Work order>
Using only the entries below, copy exactly the lines that begin at the one with "Nike x Off-White Short Sleeve Top" and end at the one with "sea blue and", both included. Drop the pictures.
====== Available data
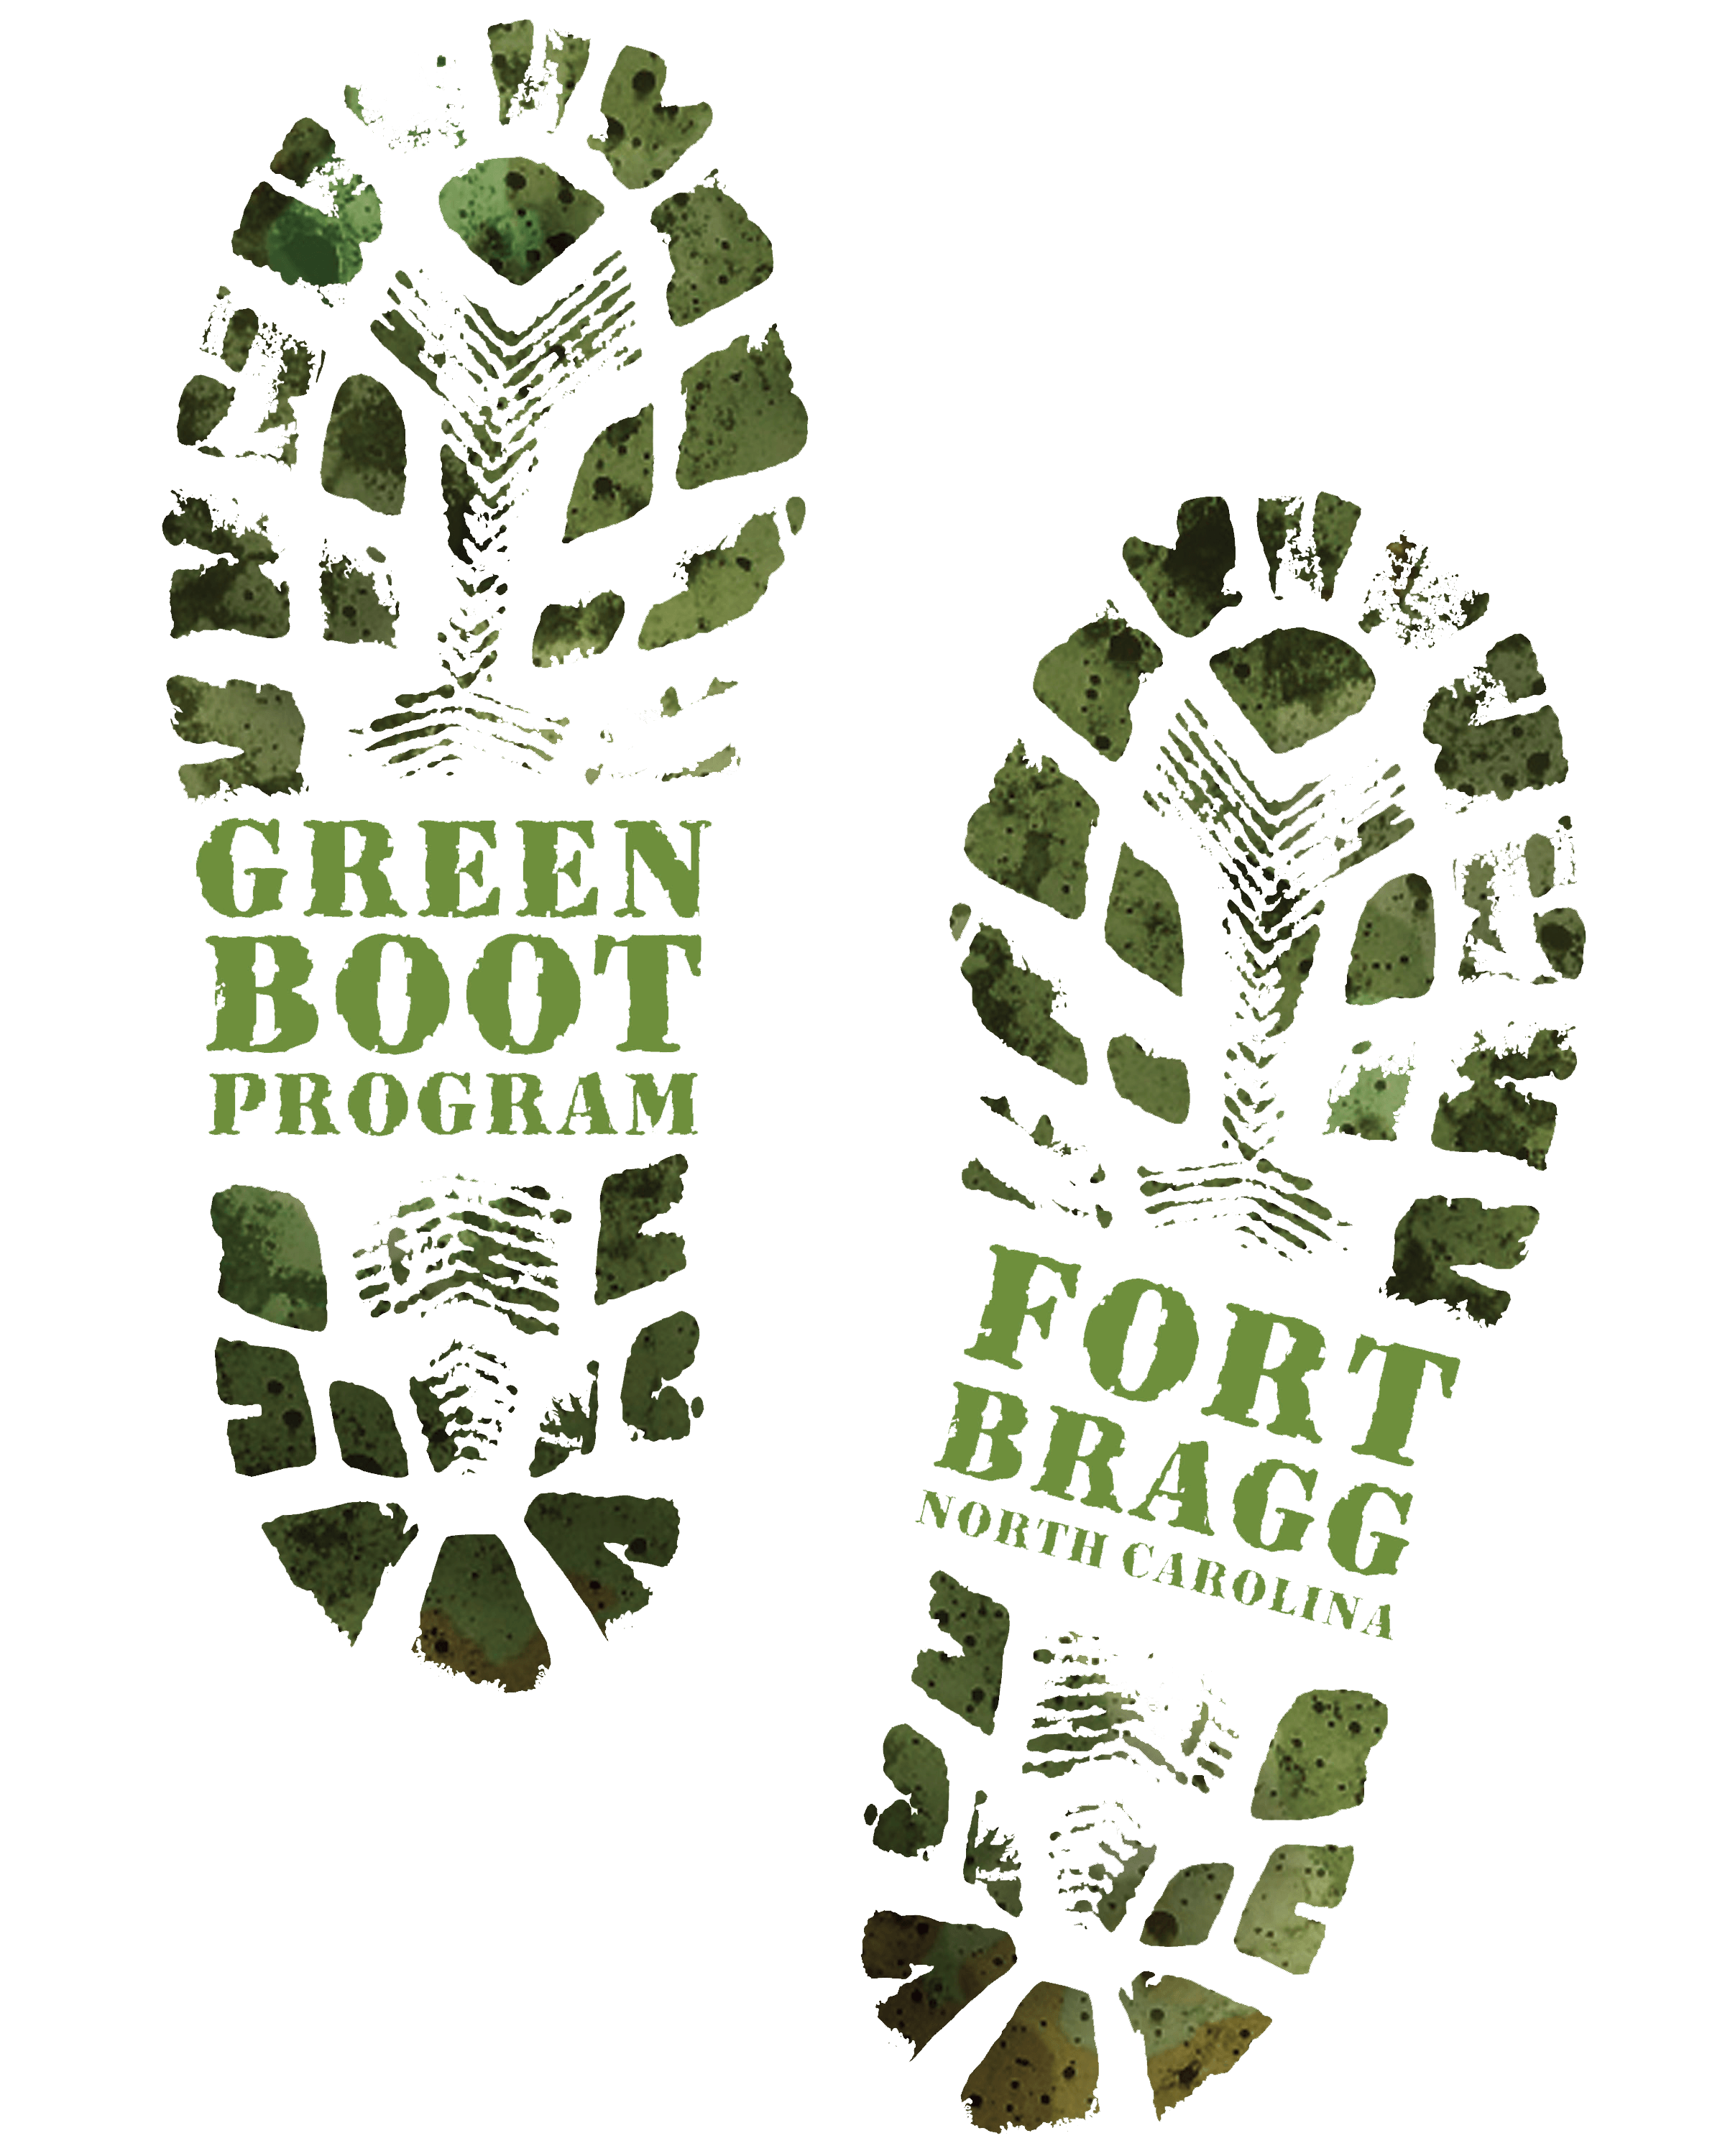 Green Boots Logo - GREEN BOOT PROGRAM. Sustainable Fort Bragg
============
====== Available data
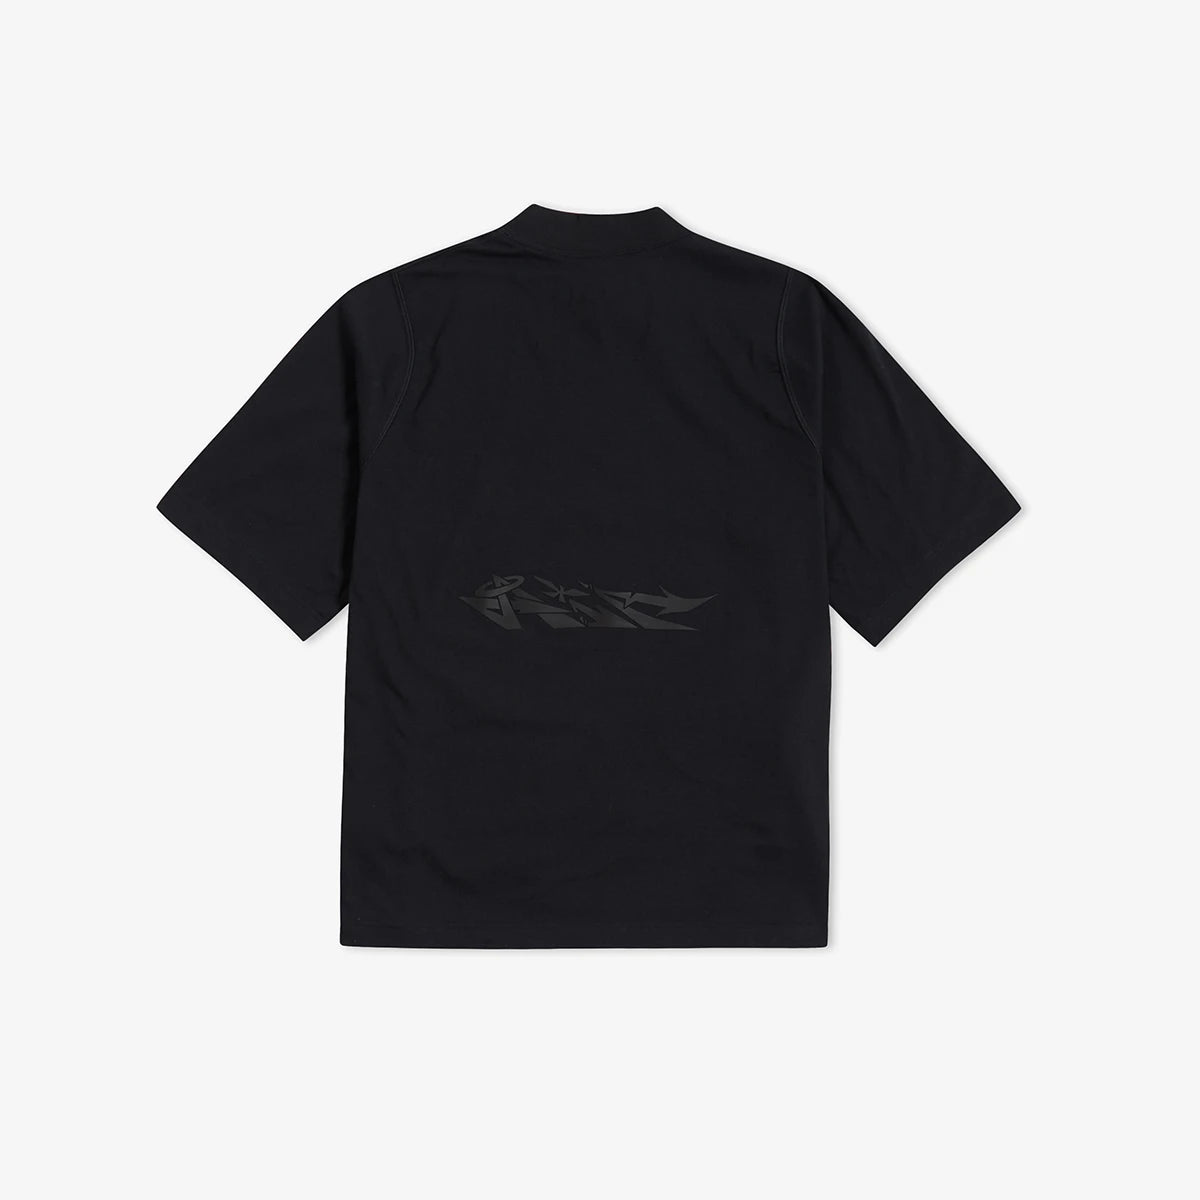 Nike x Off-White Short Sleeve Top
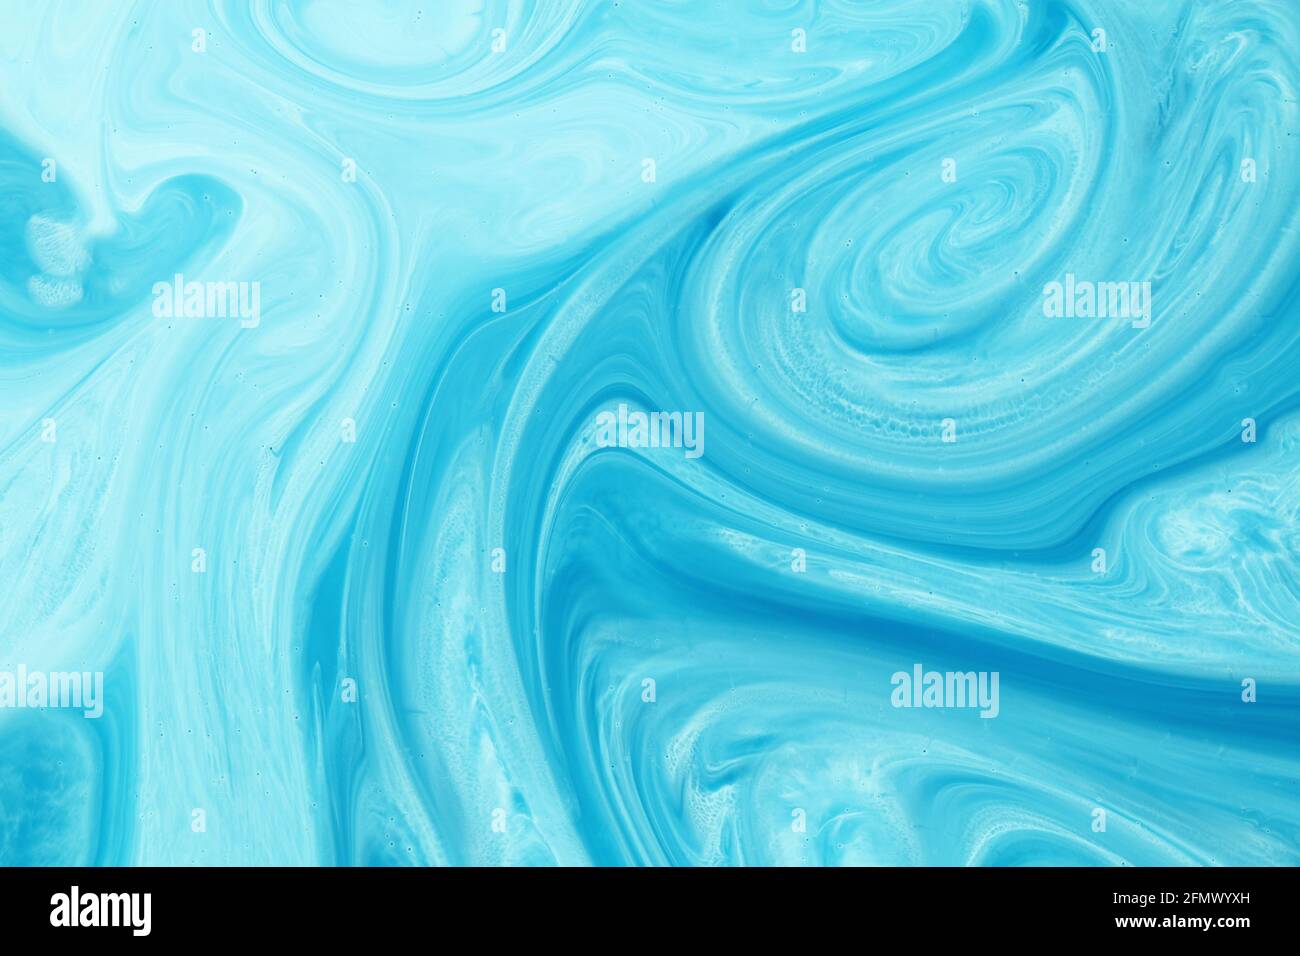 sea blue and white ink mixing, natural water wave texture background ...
============
Output for this exercise>
 Nike x Off-White Short Sleeve Top
 sea blue and white ink mixing, natural water wave texture background ...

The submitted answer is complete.